══ Data section
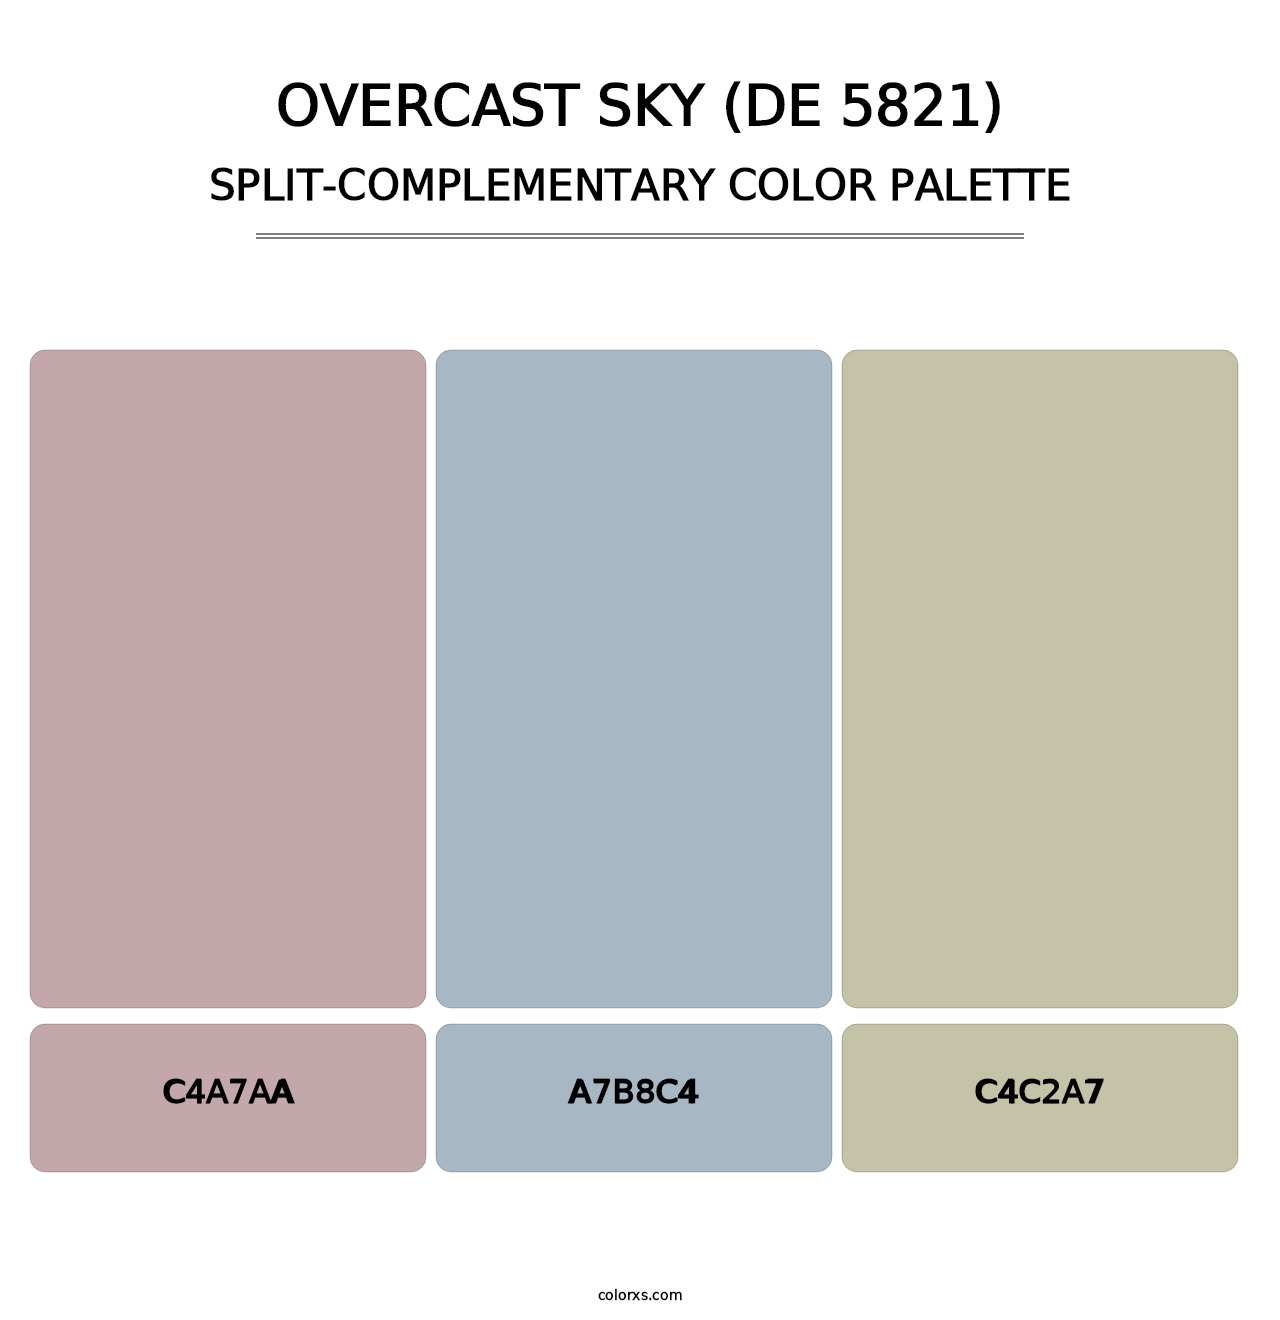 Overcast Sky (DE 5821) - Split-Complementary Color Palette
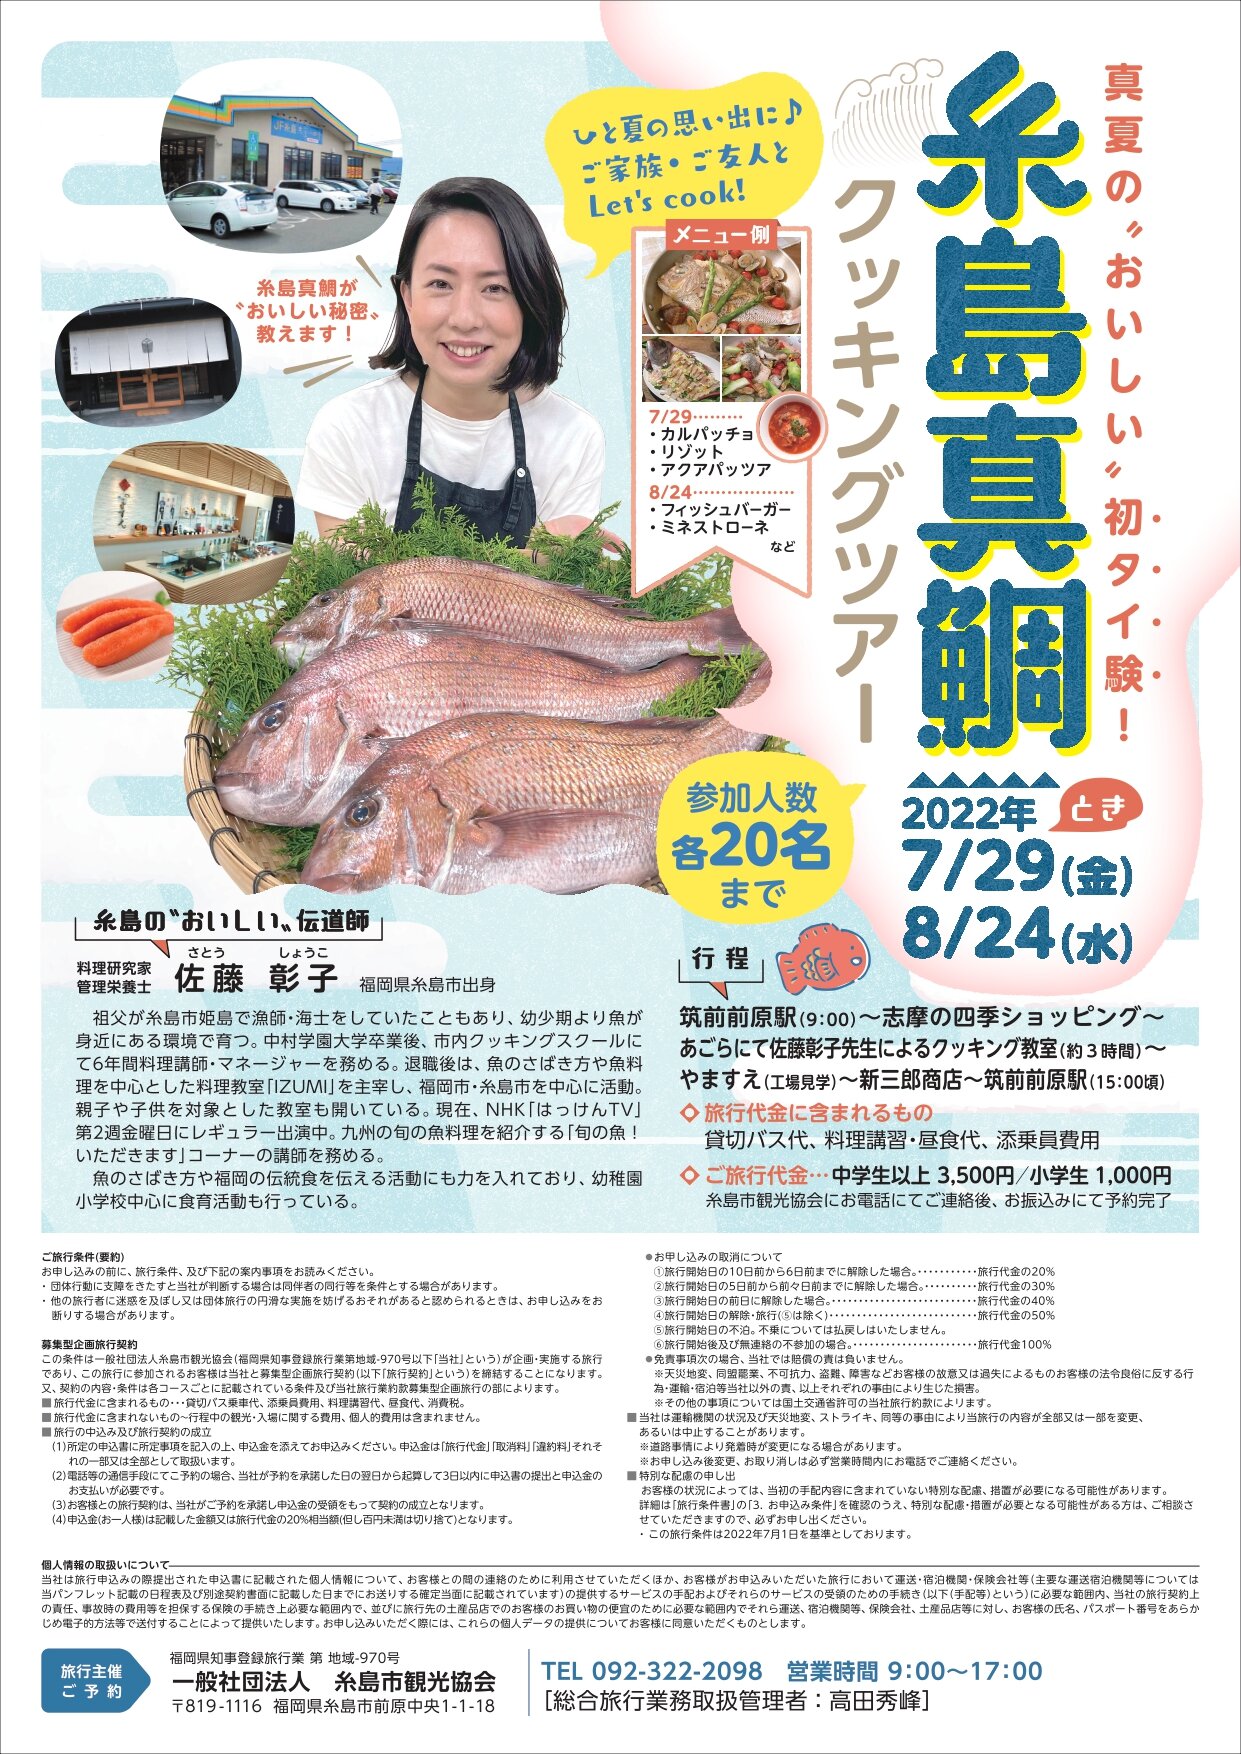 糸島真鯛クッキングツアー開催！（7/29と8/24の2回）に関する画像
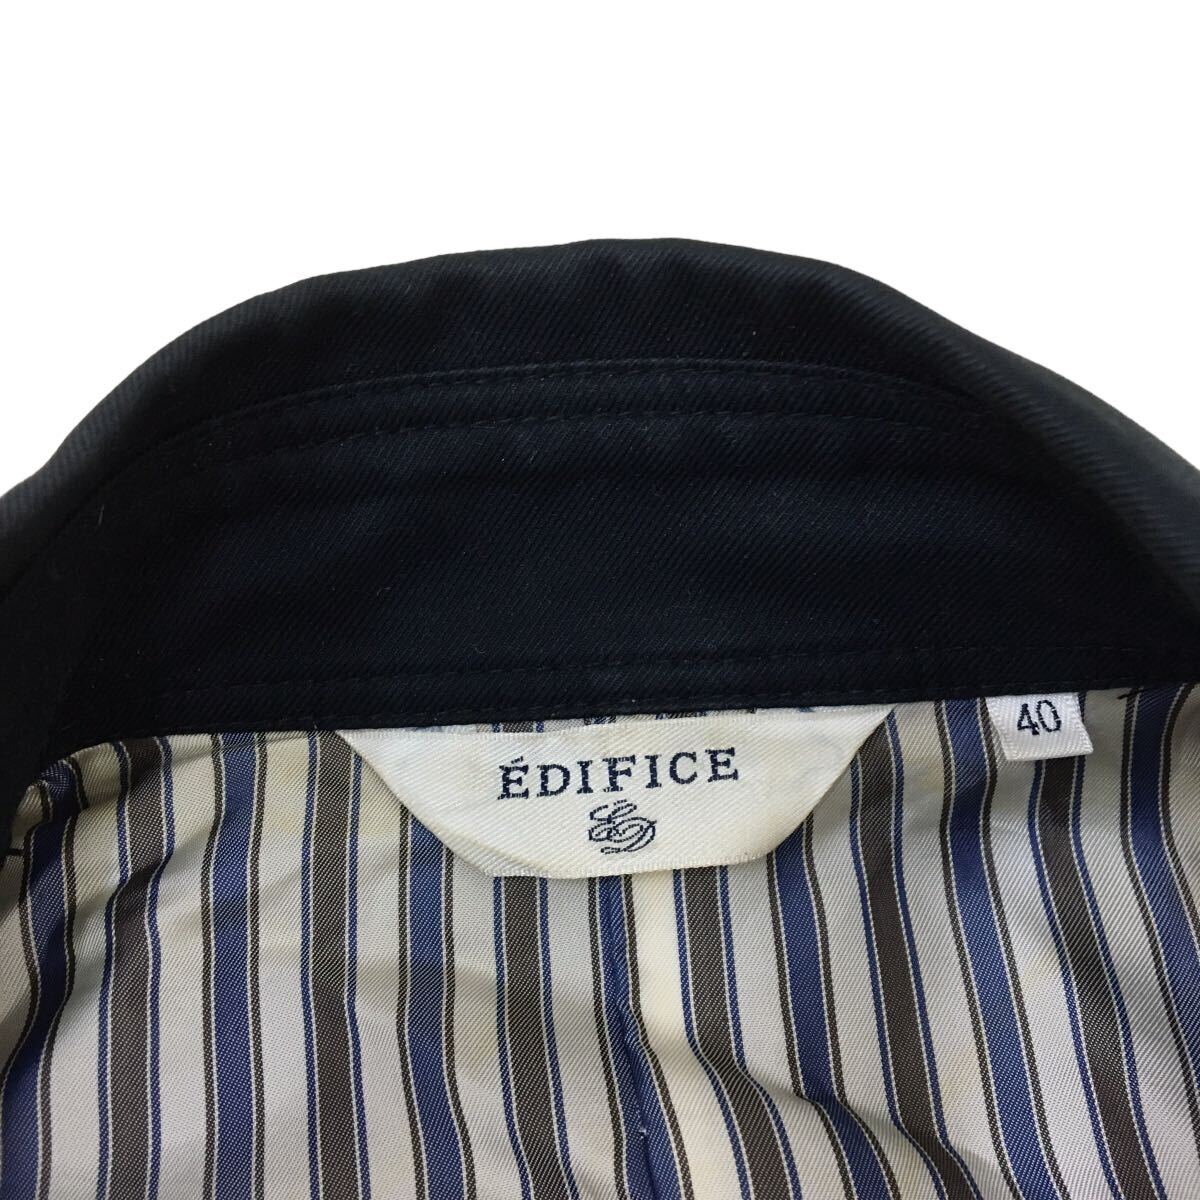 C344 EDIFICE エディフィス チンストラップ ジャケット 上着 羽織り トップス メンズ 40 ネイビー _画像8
════
Go through the material above and print all of it exactly, except the pictures.

• Task output:
 Overcast Sky (DE 5821) - Split-Complementary Color Palette
 糸島真鯛クッキングツアー開催！（7/29と8/24の2回）に関する画像
 C344 EDIFICE エディフィス チンストラップ ジャケット 上着 羽織り トップス メンズ 40 ネイビー _画像8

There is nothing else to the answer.